In terms of the mechanisms, at the last X-summit Jason and I pretty much said who we wanted. If we both wanted one, we talked it over. Mostly when someone explained why they thought someone should go the other way, we saw the drama in it.

And, of course, there's also 6 issues worth of Uncanny between now and then. Their status quo of the characters now isn't necessarily going to be the status quo of them then.

Nrama: What tone are you seeking for the relaunched Uncanny X-Men? Does an attempted shift to world-class superheroics by the team mean a shift in the way the stories are told (i.e. Less drama, more "fun," etc.)?

Gillen: It's a exciting, dramatic high stakes book. It's certainly not what I'd call a "fun" book. As powerful as they are, when they go into battle, they are in absolute peril. It's tonally and recognizably X-men, but with all the needles deep in the red. Cursed to defend a world that hates and fears them, on a larger scale than ever.

There's plenty of internal drama as well. As I said, this is a hefty team. Even keeping them together is a battle. And there's an ethical question over considerable portions of what I'm doing. I quoted Machiavelli all the way back in my .1 issue about whether it's better to be loved or feared. The answer, thought, Machiavelli, is both. The team is that in practice. Yes, they're saving the world... but there's an implicit threat. You mess with mutants? You're messing with us. Do you *really* want to do that?

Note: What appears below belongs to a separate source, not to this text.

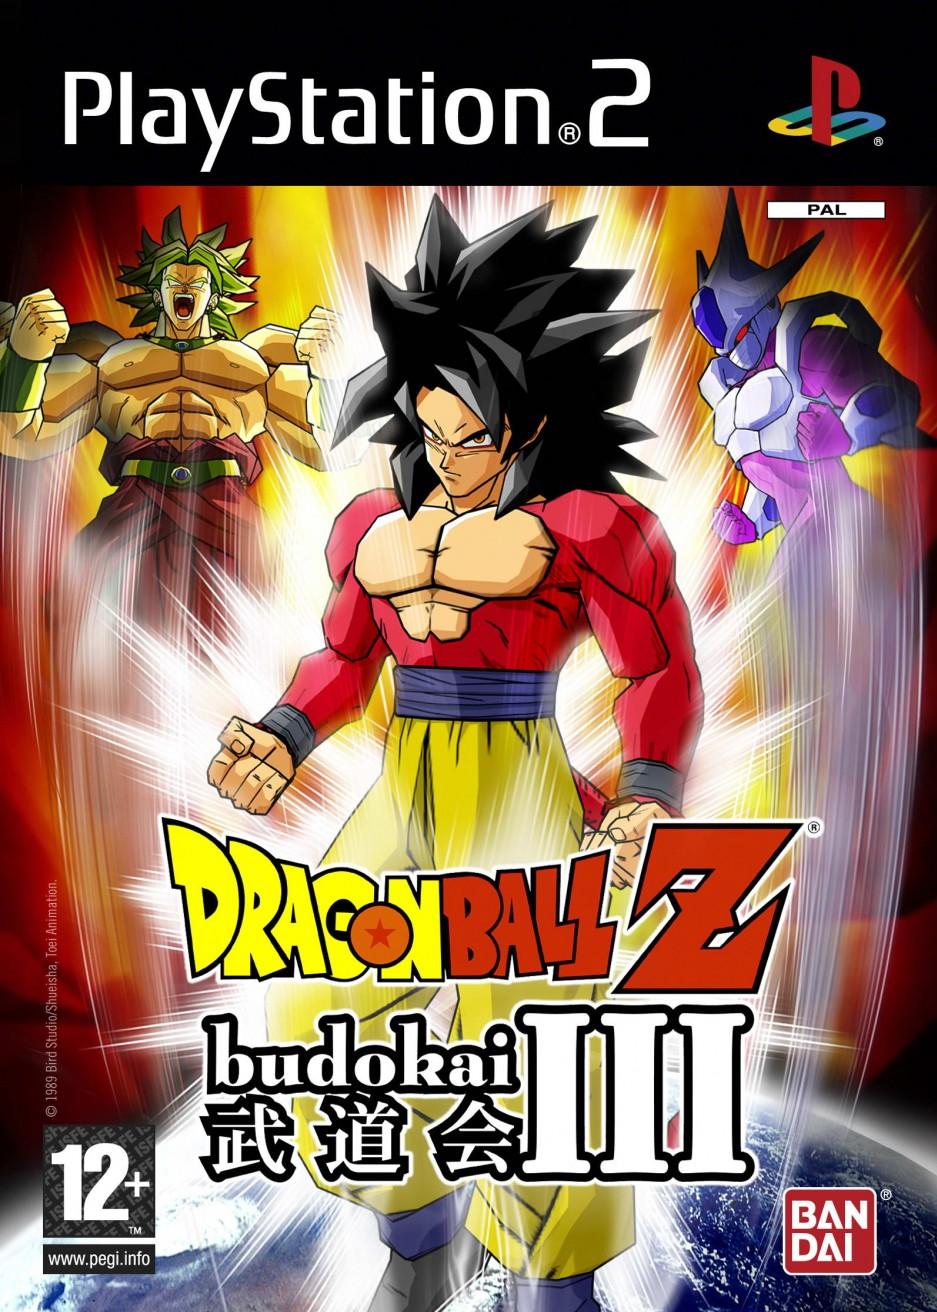 DragonBallZBudokaiIII PS2 Jaquette 001
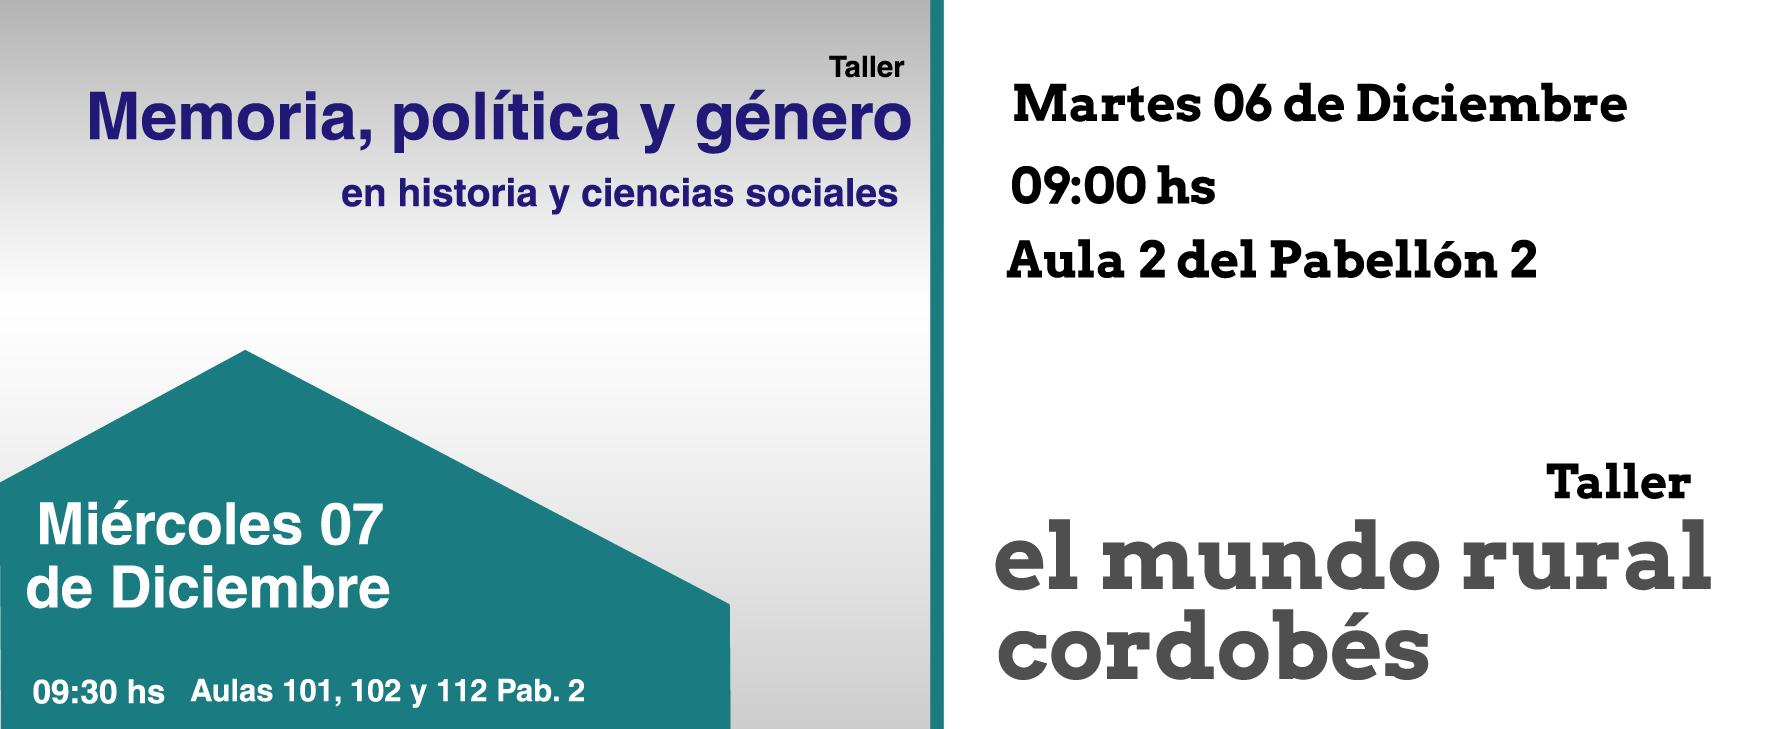 TALLERES-01-01

Oh - and there's some classic X-men villains who are raising their game along with the X-men. I try to write conflict grounded in emotional engagement and personal history, not just on the threat they pose. The Villains, ideally, should say something about the X-men. They should threaten them emotionally and ethically as much as they do physically.

Nrama: Finally, Kieron, this relaunch is still a few months off, and right now you have a four-part Fear Itself tie-in to worry about. What's happening with the team now in that story, and will we see any hinting at what's to come in the fall there?

Gillen: As I said in the last question, the themes I'm exploring were stated upfront in my first issue. "Breaking Point" was a pretty optimistic arc in the end. "Fear Itself" is perhaps less so. The actions my team choose to take are serious world-changing ones, and the final parts of motivation are put in place in my Uncanny X-Men: "Fear Itself" issues as much as Schism.